Primavera- Spring in Paradise

We have now officially left behind my favorite time of year, and I won’t be content again until we reach the autumn. I have not enjoyed a spring since falling in love was still a thing, and summer is too hot to particularly care for. If I can make it out to San Francisco, I think I’ll have a chance, but stuck out in the East Bay, I’ll be cooked alive this August. Growing up in the temperate climes of the Pacific Northwest have forever ruined me for pleasant weather. Once the temperature hits something above the mid-sixties, I start feeling like a lobster, and grow just as red, a combination of rage and sunburn. When I moved to the Bay Area, I was pleasantly surprised by the drastic change of climate between the beginning and the end of my journey. It was the beginning of January, and when I left Seattle, it was cold and rainy, just like every other winter which I’d ever known. Upon arriving in The Emeryville Horror, I was greeted by near-tropical conditions, a shining sun, and warm summer breeze. Somehow, over the course of a twenty-two hour train ride, I had traveled not only through space, but time as well, arriving in the summertime, some six months in the future. It all seemed so fantastic then, a little break from misery.

But what is novel for a little while can grow tiring after too much longer, kind of like how I managed to drive all my ex-girlfriends away. It took a couple of years, but I soon grew weary of winter resembling nothing more than a summer in Seattle. And the past few years have been annoyingly unbearable. Sure, I miss the snow, and actually needing to wear my flannel shirts for something other than just show, but when it gets up into the nineties just as I’m being forced to sit down for a turkey dinner, I tend to feel that I’ve been robbed of the natural cycling of the seasons. Maybe someday the rains will come, and bring something to us which more resembles something not entirely dry and hellish. And maybe on that day I will finally go to check out some of these beaches which I have managed to avoid, and sit and stare down the Pacific Ocean while the rain drizzles down upon me. And that, my friends, is how you know that I grew up in the shadow of the Emerald City. You know, if I wasn’t constantly going on about it.

The past few days it’s been painful just to walk outside, and, according to my cellphone, it’s only reached the seventies. And while it may not be too bad between the ocean and the bay, out here in the Easy Bay, we don’t have that kind of luck. Pretty soon, it will be too hot to sleep until the wee hours, and from sunrise ’til sunset, it will not be any better. Maybe I will do a rain dance of some kind. No, not an antiquated ceremony of supplication to the gods. I mean setting up a sprinkler and running through it in my swim trunks. Of course, we’re in a drought, so I probably wouldn’t be allowed. But no one can stop me from taking a pleasant cooling shower (aside from myself), and as the mercury rises, I plan to avail myself of the opportunity. Don’t worry about water waste, however. Even the most luxurious of my showers, cool or otherwise, last no more than a dozen minutes (one of the advantages which baldness has bestowed upon me). Just enough to wash away the tyranny of over-pleasant weather. No wonder all my friends make fun of me when I speak of moving down to Mexico.

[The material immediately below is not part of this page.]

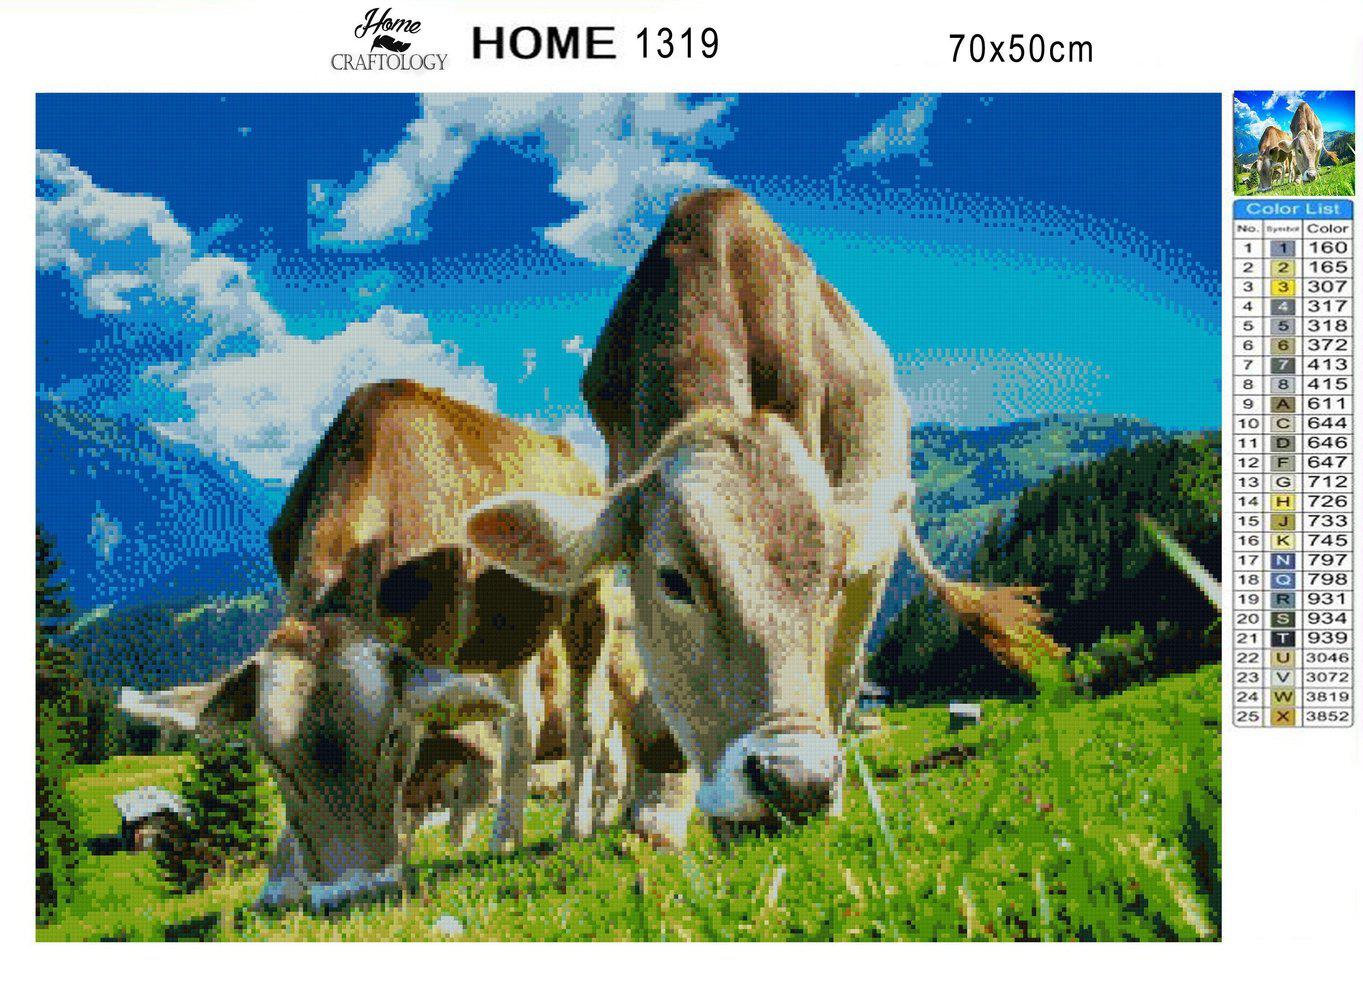 Cows - Premium Diamond Painting Kit
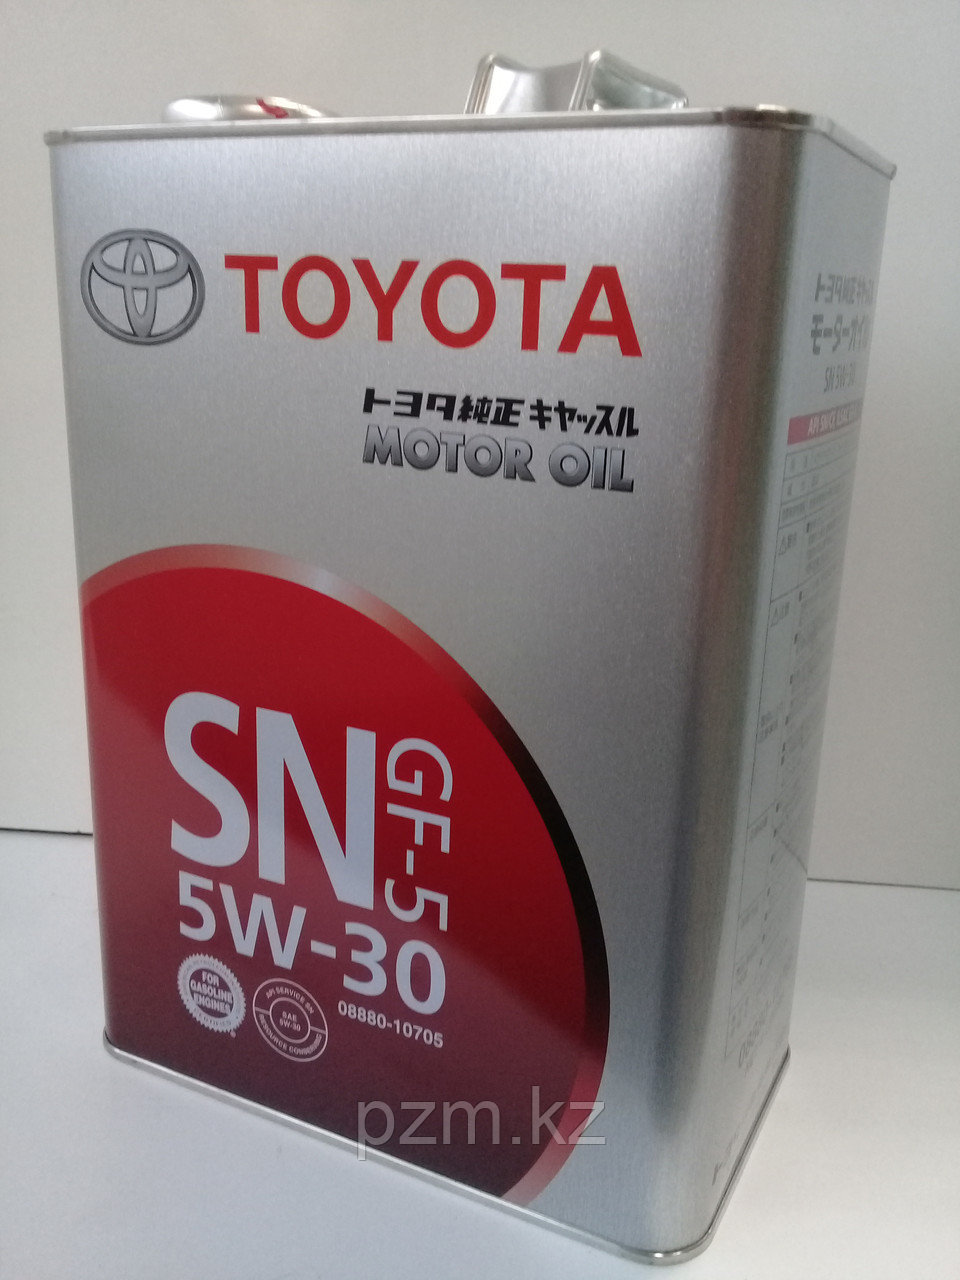 Замена масла в двигателе Toyota Auris (масло + фильтр)  оригинальное моторное масло тойота 5W30

Sure, I’ll be spending most of my time indoors, writing, but I can’t imagine that I’ll be okay when the summer comes. Although, there is the chance that I will get to finally see white sandy beaches and an ocean so deeply blue that I will be moved to tears. And I’ve heard that the lightning storms that roll in near the ruins are something to behold. Of course, none of that will matter if I die from heat stroke. I am the product of a genetic adaptation which allowed my ancestors to survive the bitter cold. Long gone are the days when my family tree could flourish in the summers that once graced the homeland of our species. That being said, I have family that have lived in the south for all of their lives, and they seem to have done alright, so maybe it’s time I stop complaining, and get used to a slightly warmer climate. Not that I’ll have much choice. Whether it’s a move to Mexico, or simply living a little while longer, the weather I once knew as a child, isn’t likely to return.

At least my son is well-equipped to face the coming changes. It’s my hope that he’s inherited his mother’s ability to face unseasonable weather. Whereas I can’t spend more than a handful of oppressive moments in direct sunlight before I begin to burn, my son is happy to run free, and never sad to see the clouds burn off by the mid-morning. He still feels the heat, and complains nearly as much as I do, but I can see it in his eyes that it doesn’t really bother him; a quick sip of something, and he’s out the door again. And, based on our most recent visit to the Puget Sound, he’s not that bad in cold weather, either. Even when the temperature was hovering around freezing, he was determined to hit the rocky beaches of Rolling Bay in rubber boots and a hastily thrown-on hoodie. Actually, my wife didn’t too badly, either. It turns out that it’s easier to throw on a couple of extra layers than to try to find something else to take off when nothing else remains.

Now, if you will all excuse me, I’m going to continue with this new hobby which I’ve picked up: sneezing uncontrollably, and rubbing my face raw with the constant clearing of the ever-running boogers.